Henry Procter of Procter & Gamble once said: “I know I waste half of my advertising dollars…I just wish I knew which half.”
We can say the same thing about investment advice from brokerages. Only a part of it bears out over time; the key lies in figuring out what is valid and what is not. Now, let me tell a personal story.
Yesterday, I took a look at my MPF account balance, going back to where it was nine months ago. Back then, I tried to make a decision to buy an index fund (based on advice gleaned from many financial commentators), and it all boiled down to two choices – Hang Seng Index or Hang Seng Chinese Enterprise Index. I remembered an article which quoted six Chinese analysts, almost all of whom said there will be more upside for the China index.
So I put all eggs in the China index basket – only to see that the HSI had jumped almost 10 percent over the past 12 months. Who would have thought Tencent alone could go up 40 percent in year to date, and even Cheung Kong and Hutchison Whampoa post significant gains, making the HSI outperform the China index?
Given the experience, I am now inclined to take broker advice with more than the usual pinch of salt.
Morgan Stanley issued a note three months ago saying that the HSI could reach the 50,000-point mark by the end of 2015. The prediction came even as the benchmark was still trying to break the 25,000 level.
Now, what do you make of this?
If I were an analyst, I would of course try to make as bold a prediction as possible.
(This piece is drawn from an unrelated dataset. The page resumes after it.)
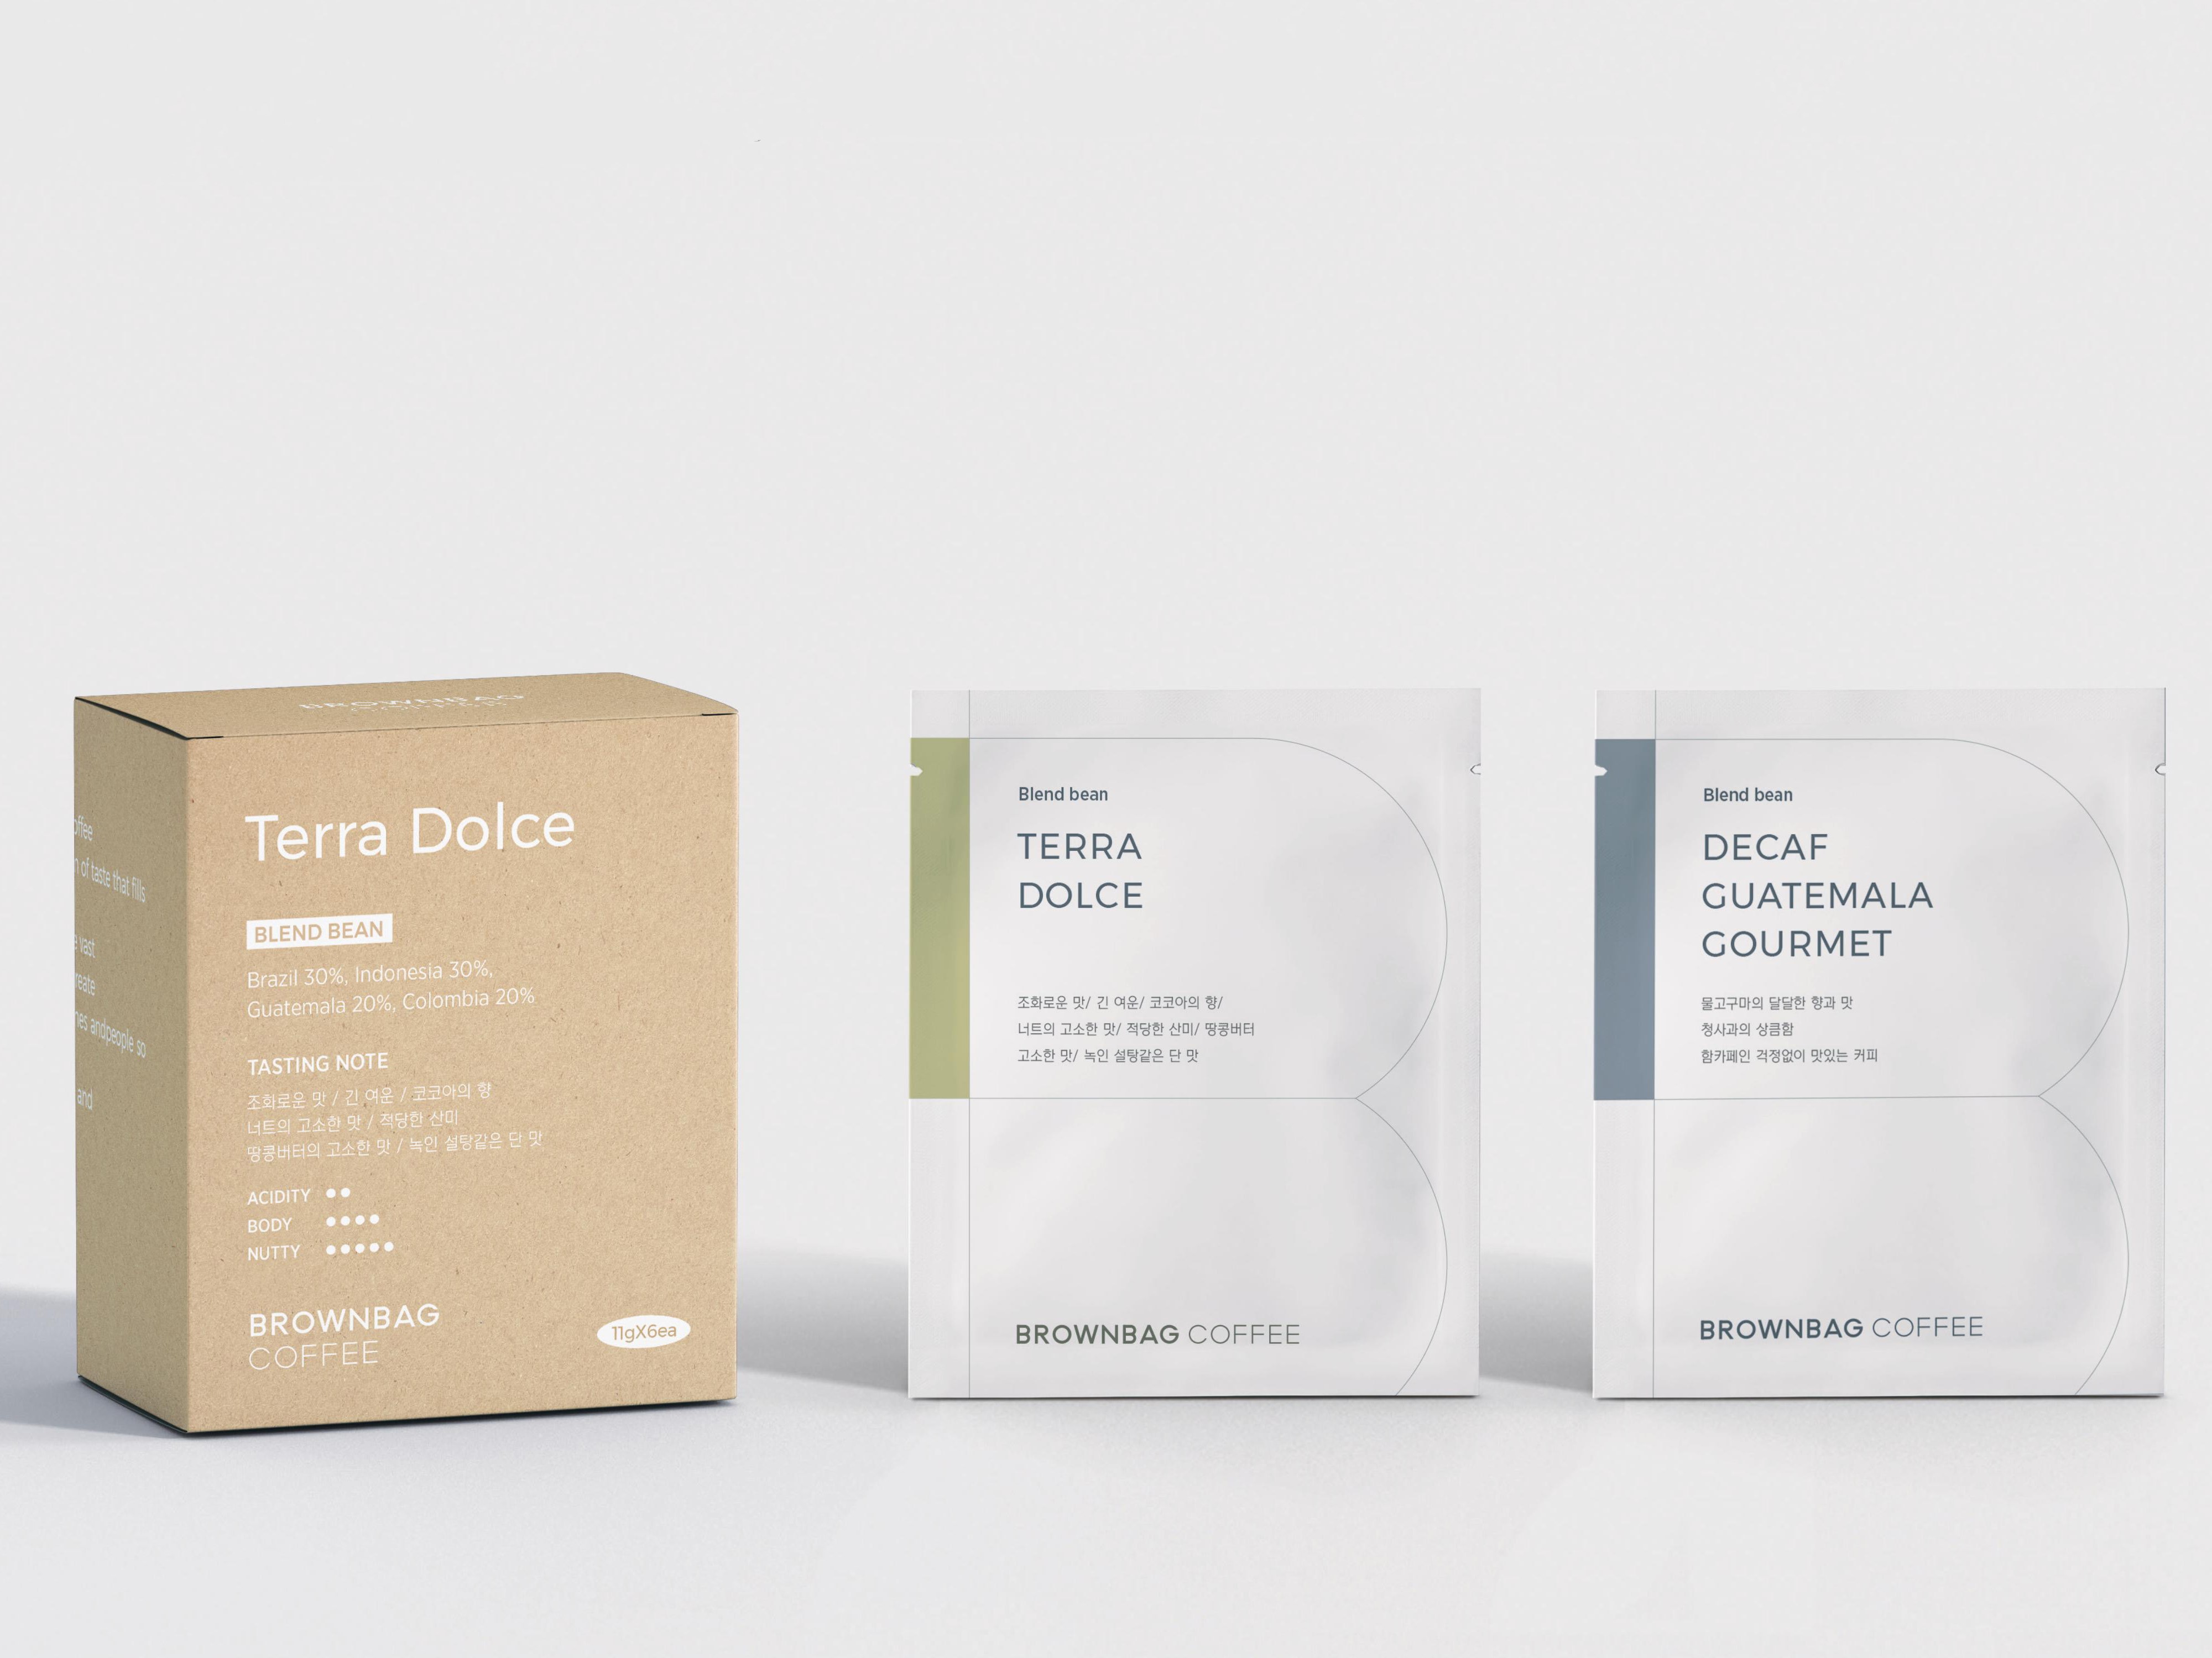 Brown bag coffee and drip bag with Seoul scent released

People will remember if your prediction turns out right. And if you are wrong, you needn’t sweat — the Securities & Futures Commission is not going to haul you up for a confession.
Having watched the stock markets over many years, I believe I should trust my instincts rather than blindly follow any particular piece of advice. Very few players have a proven track record of foretelling the financial future.
Amid this situation, how serious should we take the warning this week from Financial Secretary John Tsang Chung-wah of a potential financial storm from the Occupy Central movement?
Given the concerns about Occupy Central, whose organizers have threatened a blockade of the financial district as part of efforts to press for political reforms, I understand some local punters are worried that the stock market might not even be able to open if protesters take over the streets. I also understand the very good intention of Tsang to forewarn about a further downward revision of GDP, having seen for myself how trouble-free it is to shop around Causeway Bay these days.
But history shows that every time a government official has warned that the party would be over, there is usually some extra time (probably translating to another 1,000 points on the index) before the tide may actually turn. The theory works better when more than two officials issue the same warning, as what Financial Services and Treasury Bureau chief Chan Ka-keung and Hong Kong Monetary Authority chief Norman Chan Tak-lam did recently as they spoke about capital-flight risks.
The officials, for sure, are trying to be in a position to proclaim “Hey, we told you so!” if things indeed go wrong, because they know the music will stop once the flow of money halts. They also seem to always pick the perfect timing for their warnings because traditionally the summer music tends to stop after the first week of interim results season, usually led by HSBC.
I have no crystal ball, but I heard similar economic warnings earlier by former top brass such as Joseph Yam Chi-kwong and Donald Tsang, and the market usually did not react in the way they predicted.